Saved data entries
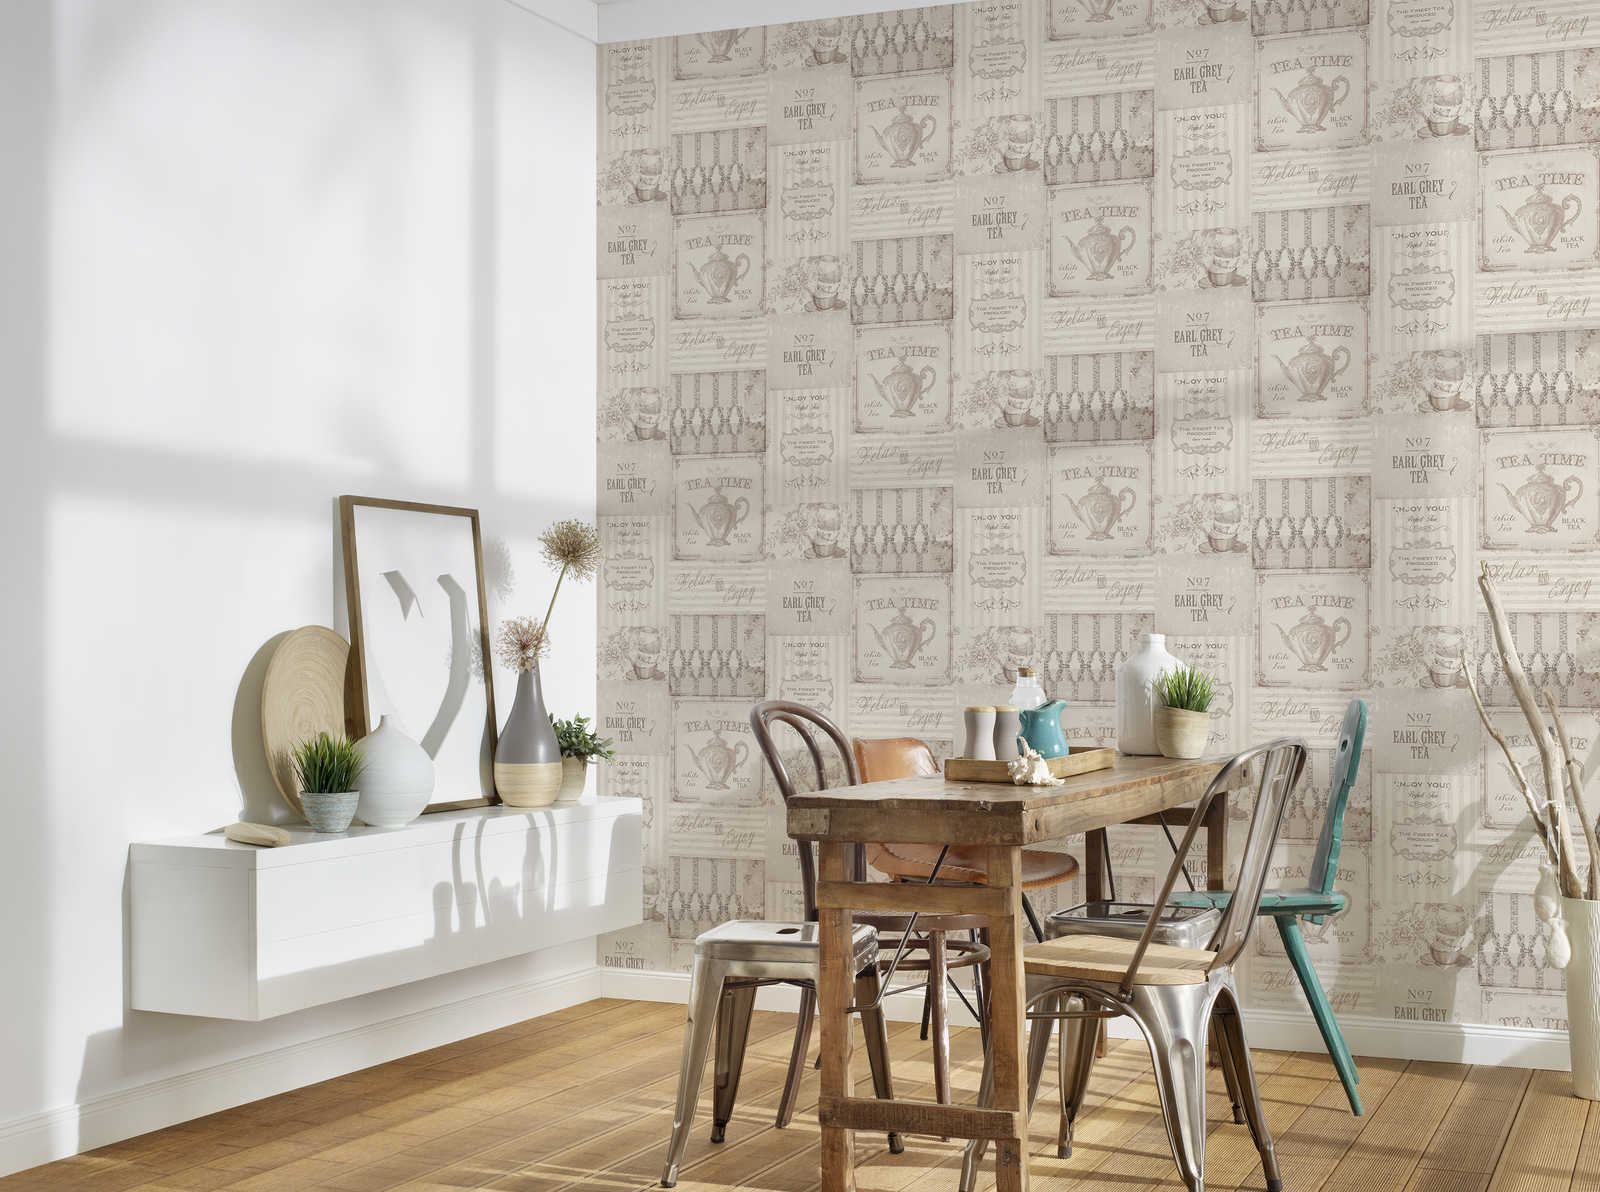             Mustertapete Tea Time Collage im Landhaus Stil – Grau
        
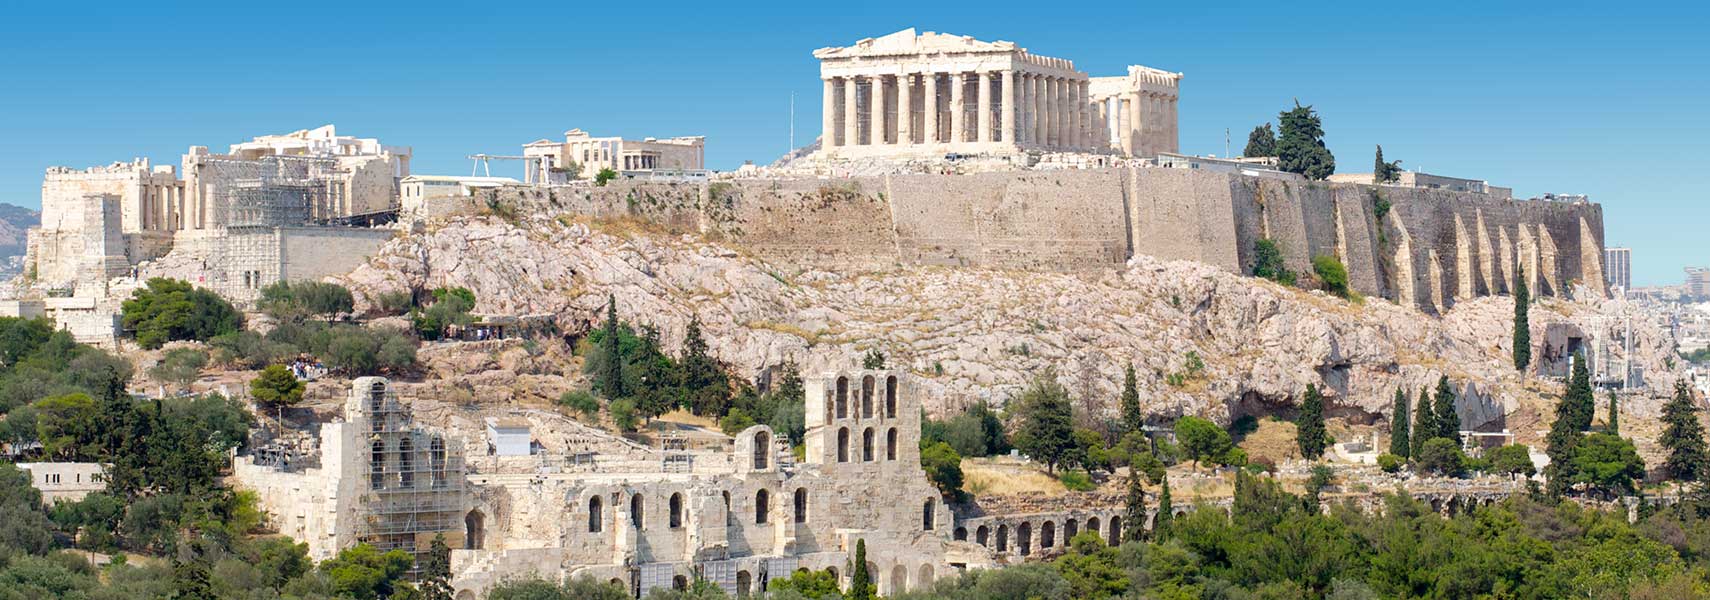 Acropolis, Athens, Greece. 
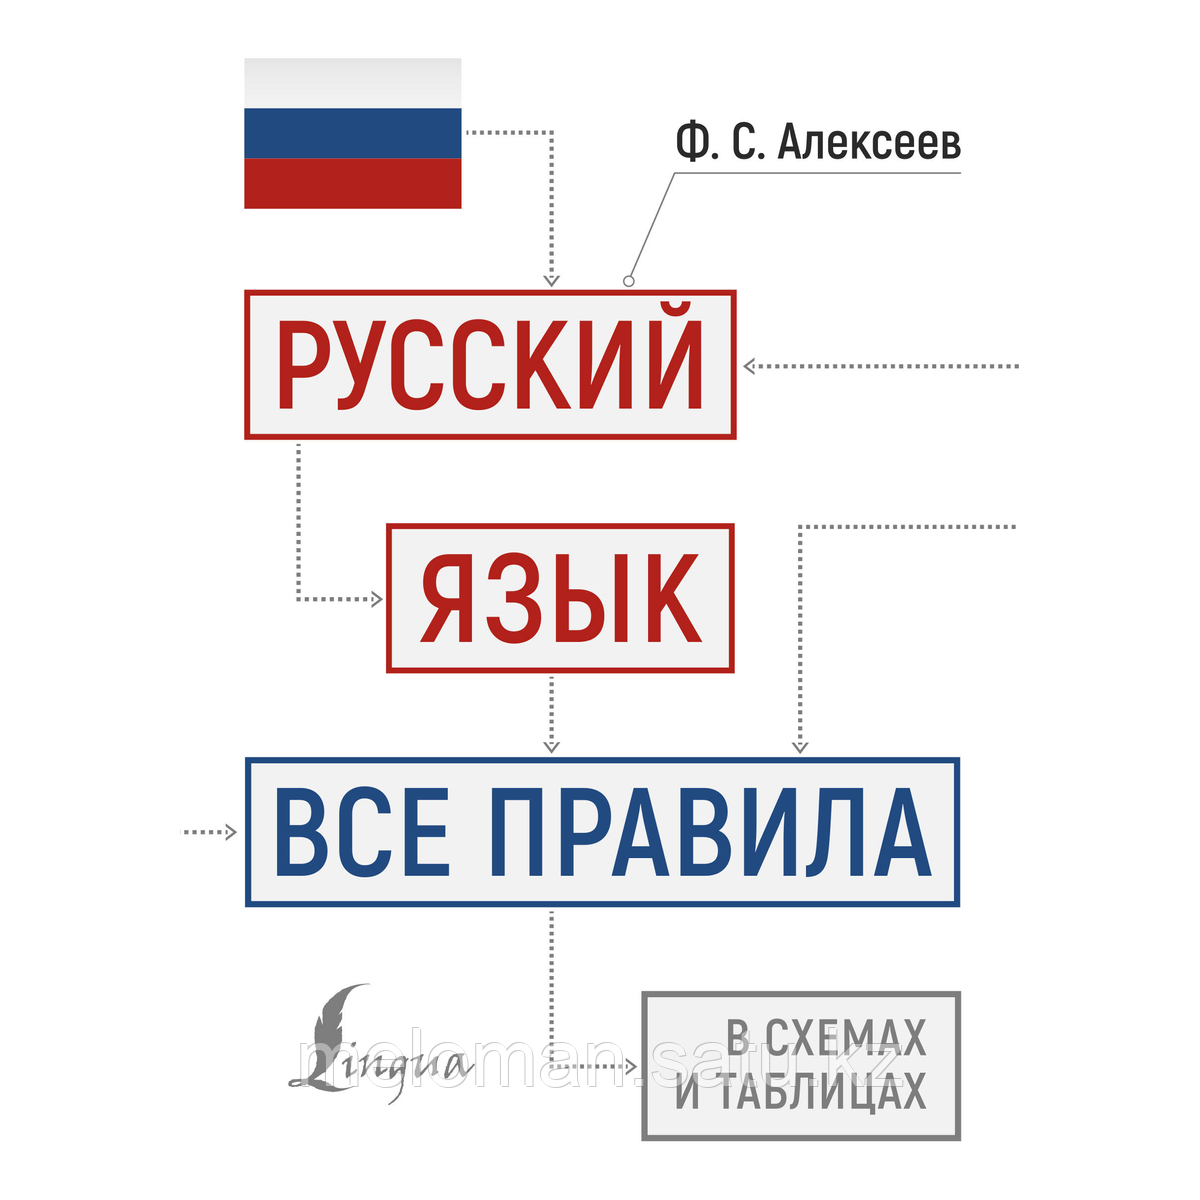 Алексеев Ф. С.: Русский язык: все правила в схемах и таблицах
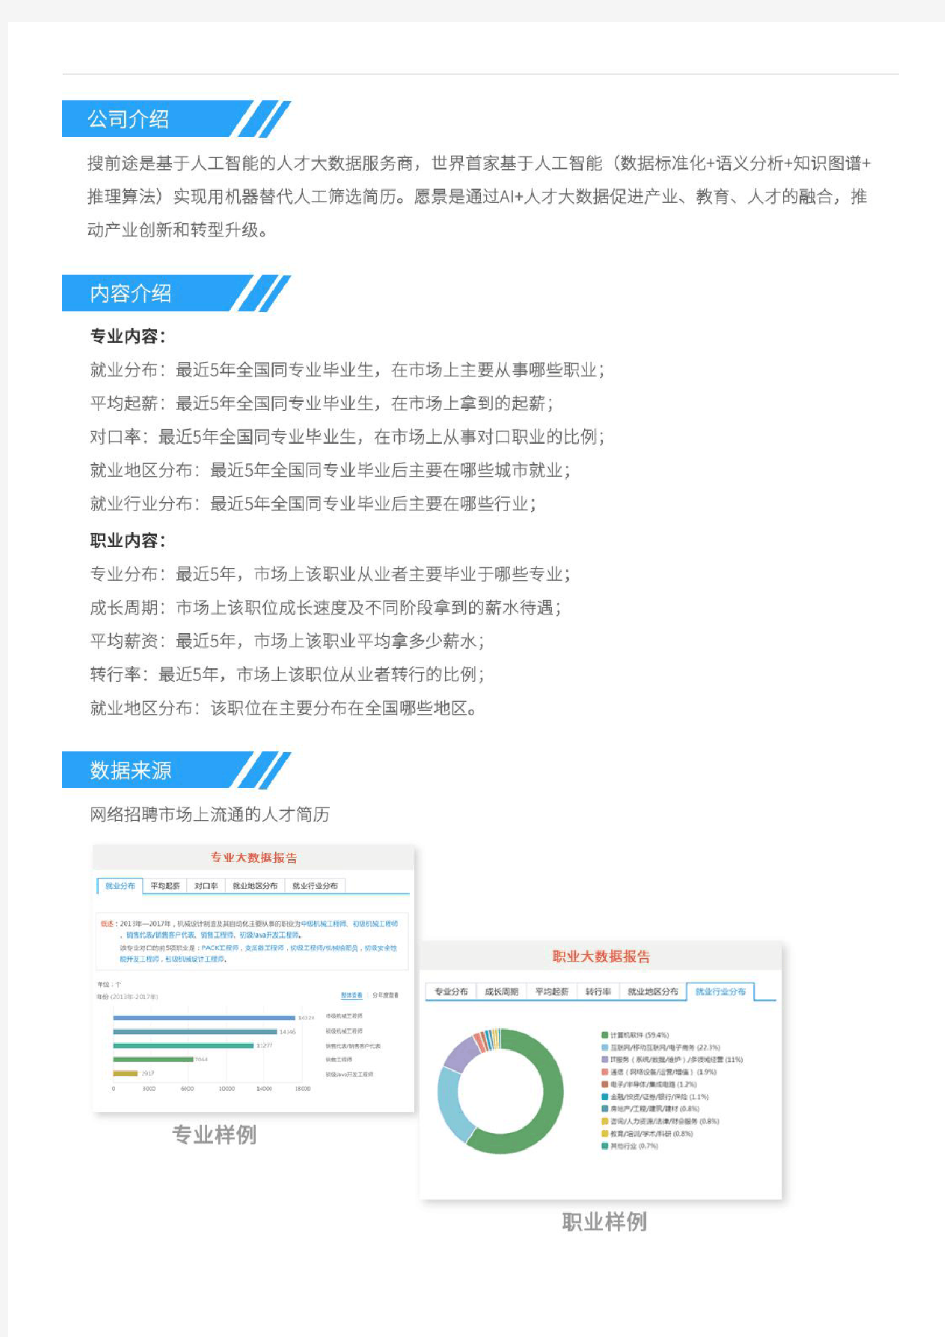 2013-2017年上海大学信息管理与信息系统专业毕业生就业大数据报告
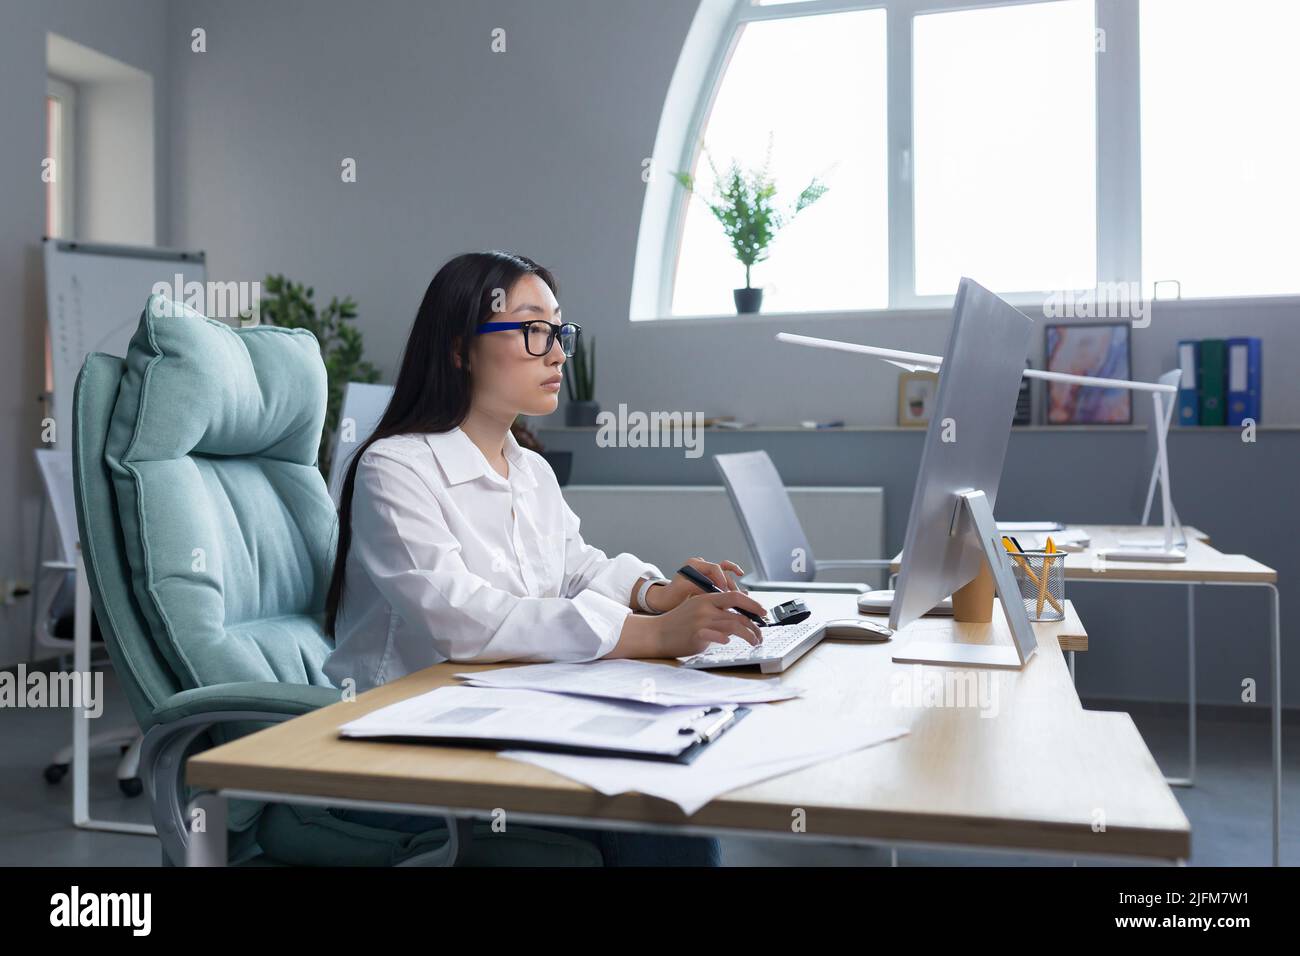 Asiatische erfolgreiche Geschäftsfrau arbeitet mit Computer in modernen Büro, nachdenklich und konzentriert. Stockfoto
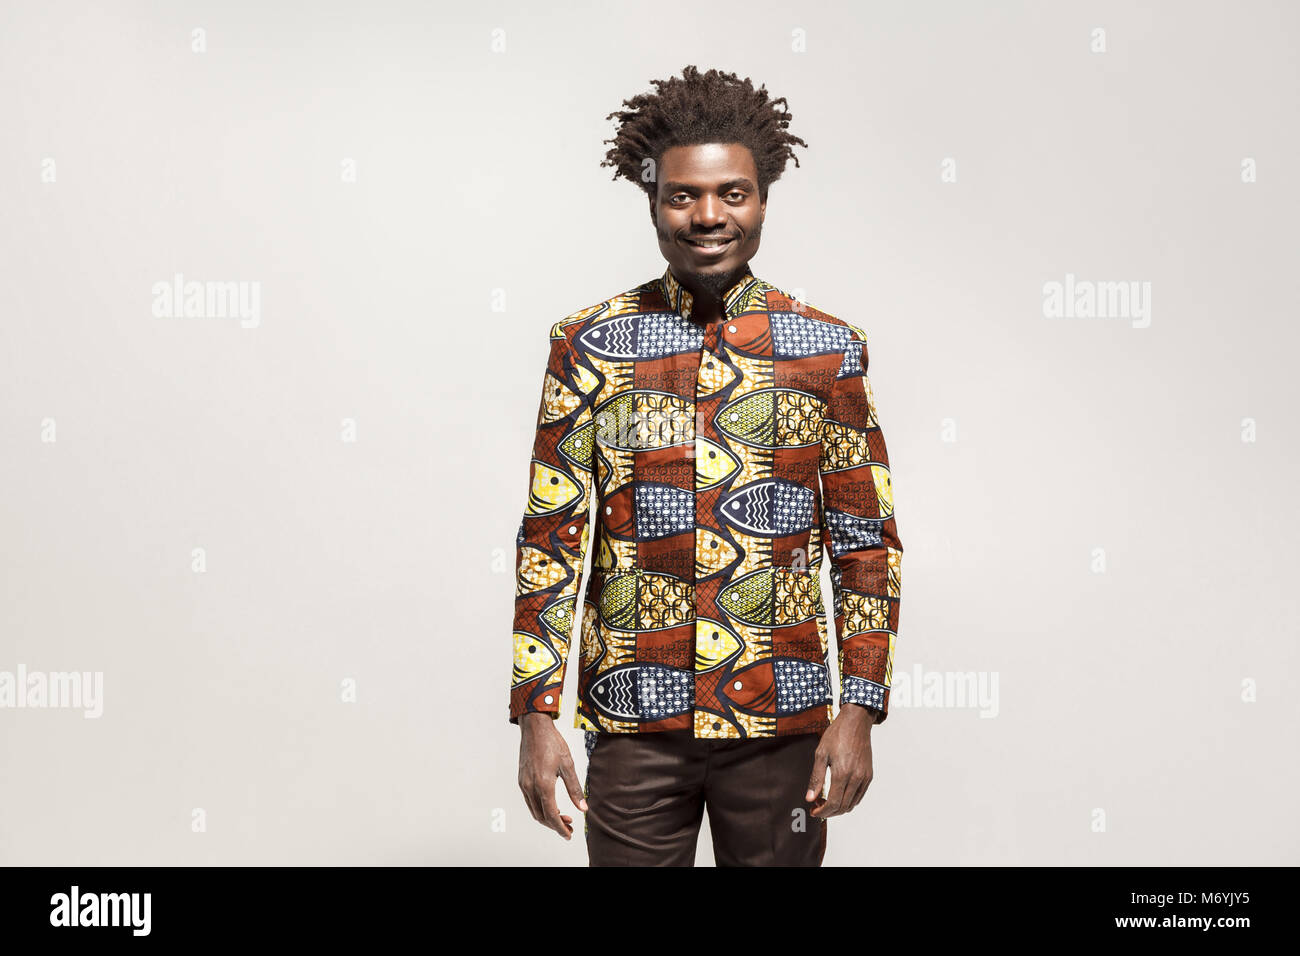 La felicità uomo africana in abiti tradizionali sorriso toothy. Indoor, isolata su uno sfondo grigio Foto Stock

**ASSIGNED TASK:** Going by the data above, give back only the lines from the one containing "Acropolis, Athens, Greece." through the one containing "Asiatische erfolgreiche Geschäftsfrau", exactly as they stand, both ends included and no images.

**OUTPUT OF THE EXERCISE:**
 Acropolis, Athens, Greece. 
 Алексеев Ф. С.: Русский язык: все правила в схемах и таблицах
 2013-2017年上海大学信息管理与信息系统专业毕业生就业大数据报告
 Asiatische erfolgreiche Geschäftsfrau arbeitet mit Computer in modernen Büro, nachdenklich und konzentriert. Stockfoto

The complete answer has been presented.